■ DATASET SECTION
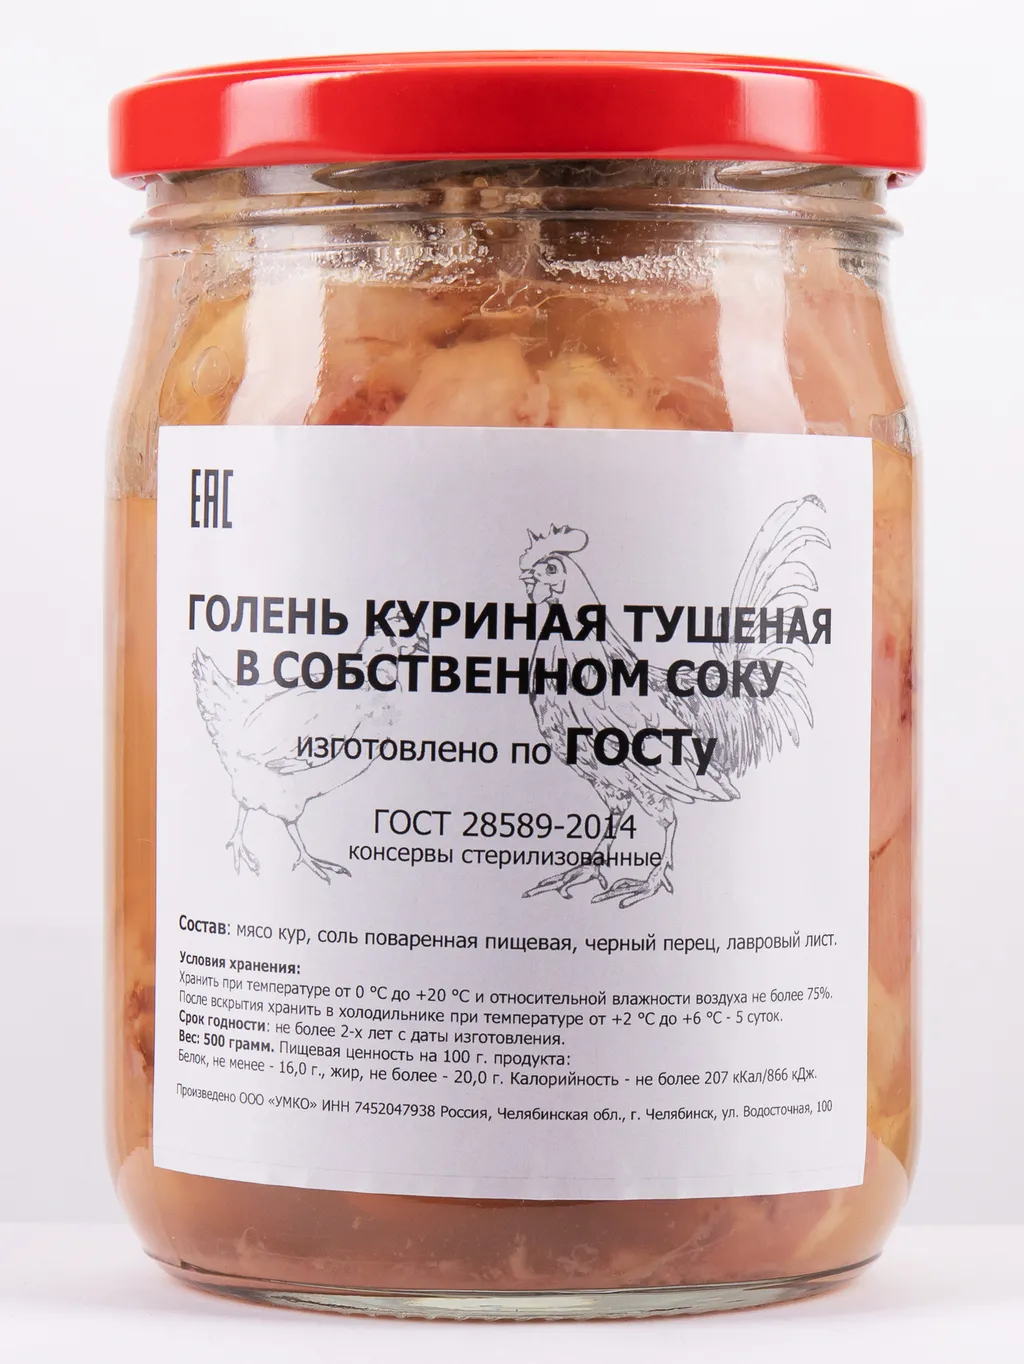 мясо куриное в собственном соку (Филе) в Челябинске и Челябинской области 3
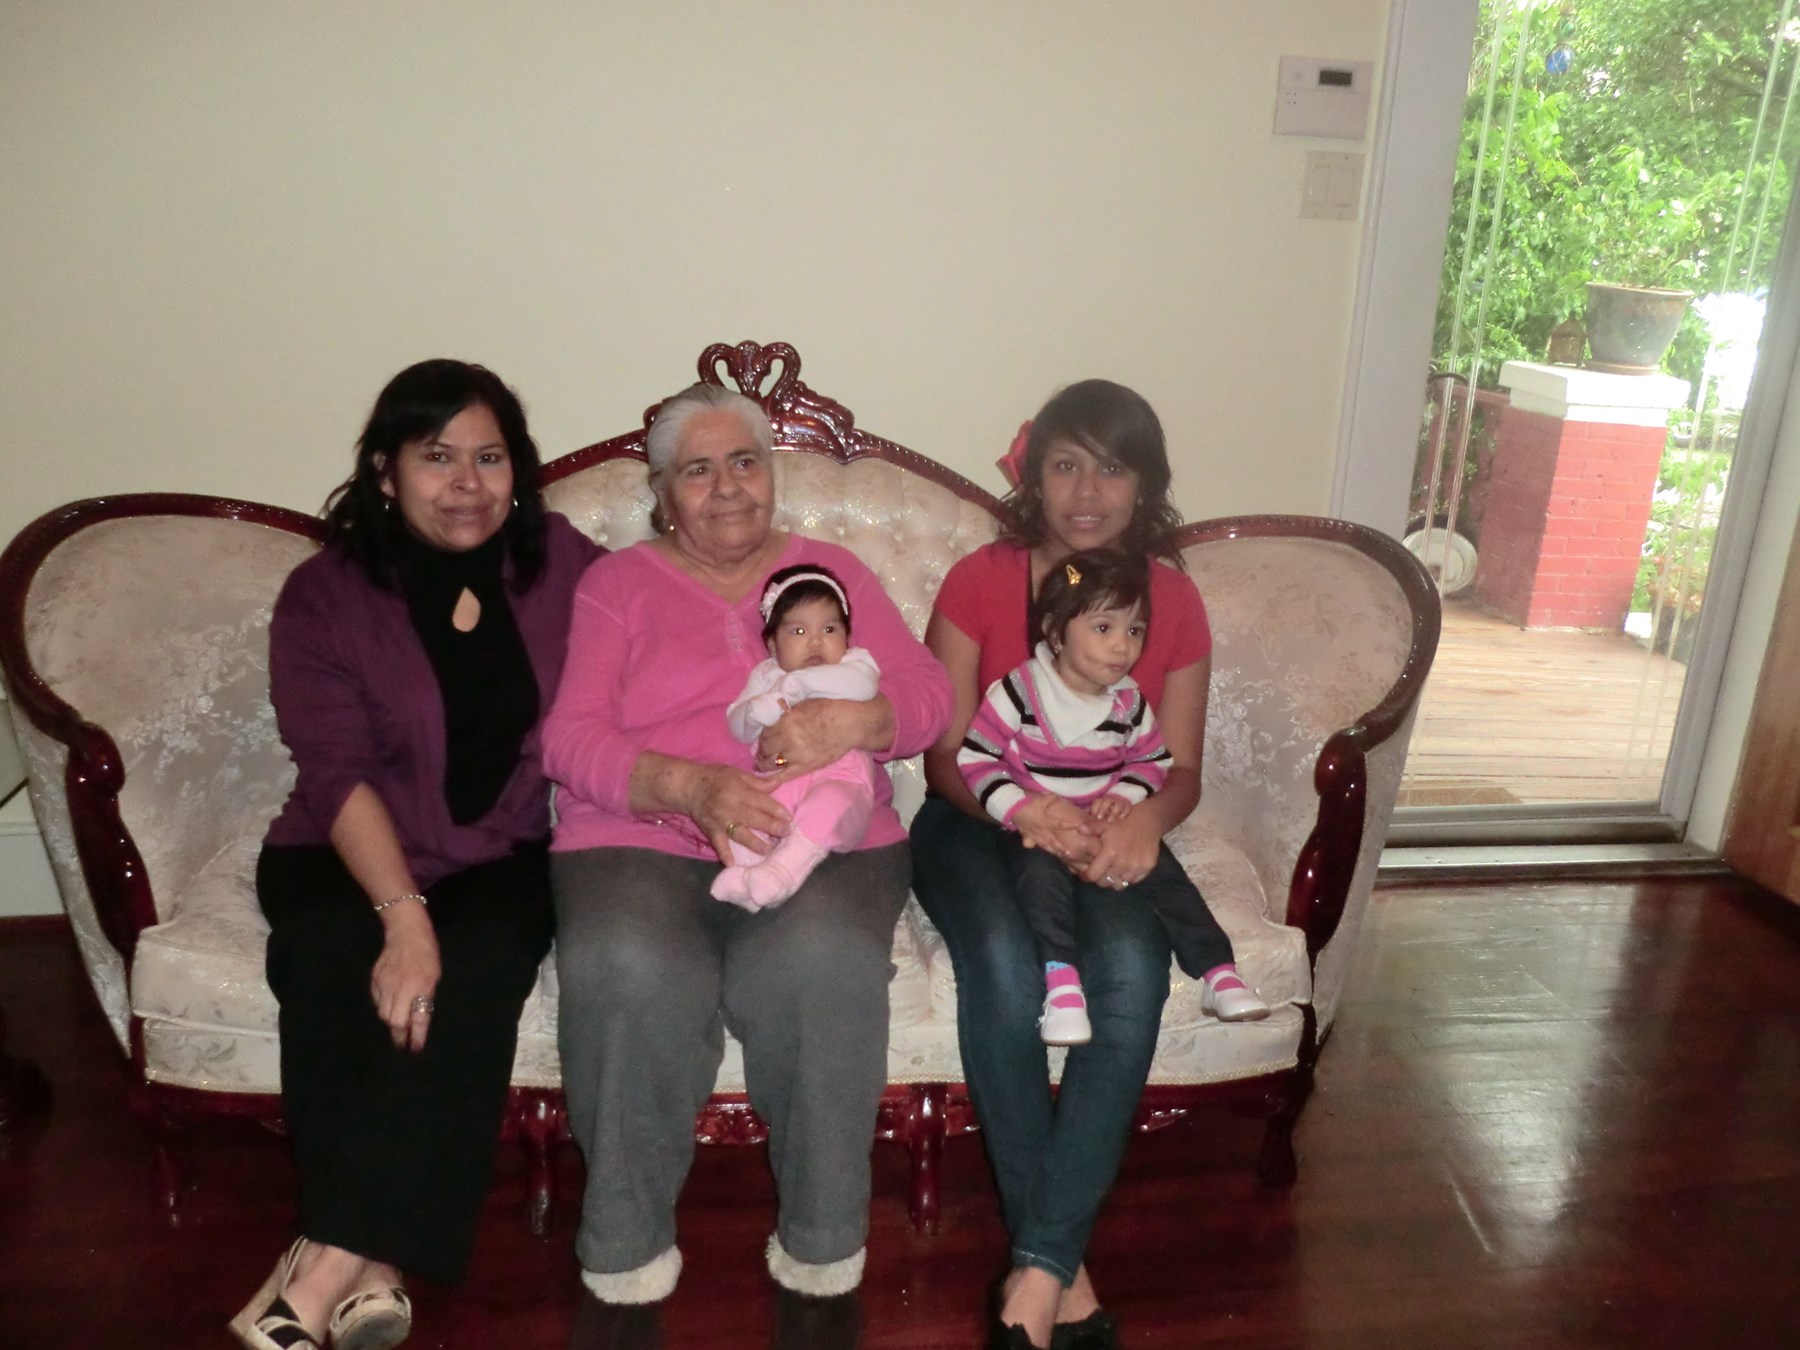 Obituary of Maria De Lourdes Padilla De Coronado - 02/11/2020 - From the Family
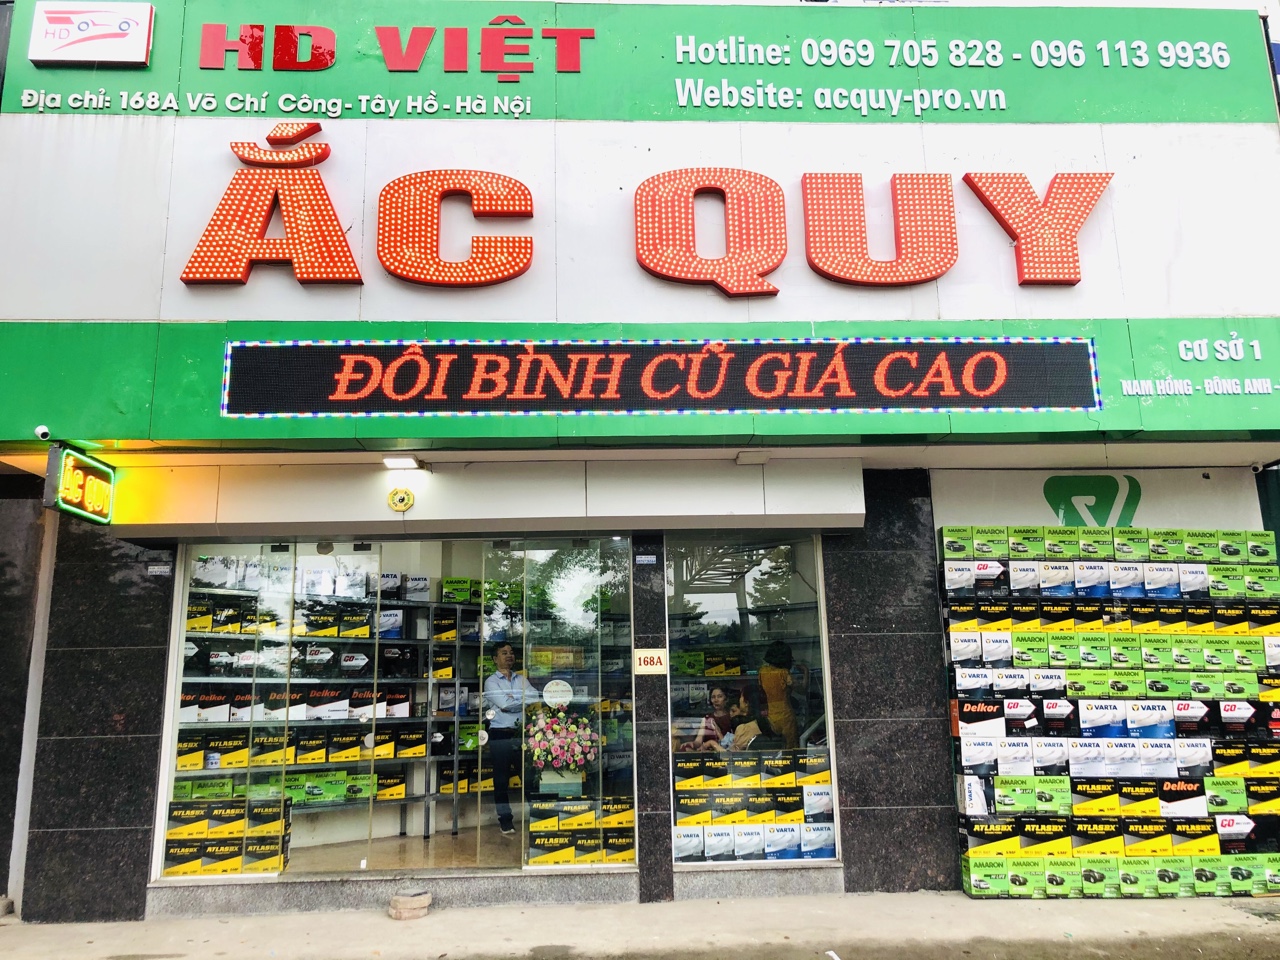 HD Việt - Thay Ắc quy, câu bình ắc quy tận nhà tạ iVinhomes Gardenia, Nam Từ Liêm, Hà Nội

■ WHAT TO PRODUCE
No pictures go in the copy. Set down all the data exactly.

■ TASK SOLUTION
 мясо куриное в собственном соку (Филе) в Челябинске и Челябинской области 3
 Obituary of Maria De Lourdes Padilla De Coronado - 02/11/2020 - From the Family
 HD Việt - Thay Ắc quy, câu bình ắc quy tận nhà tạ iVinhomes Gardenia, Nam Từ Liêm, Hà Nội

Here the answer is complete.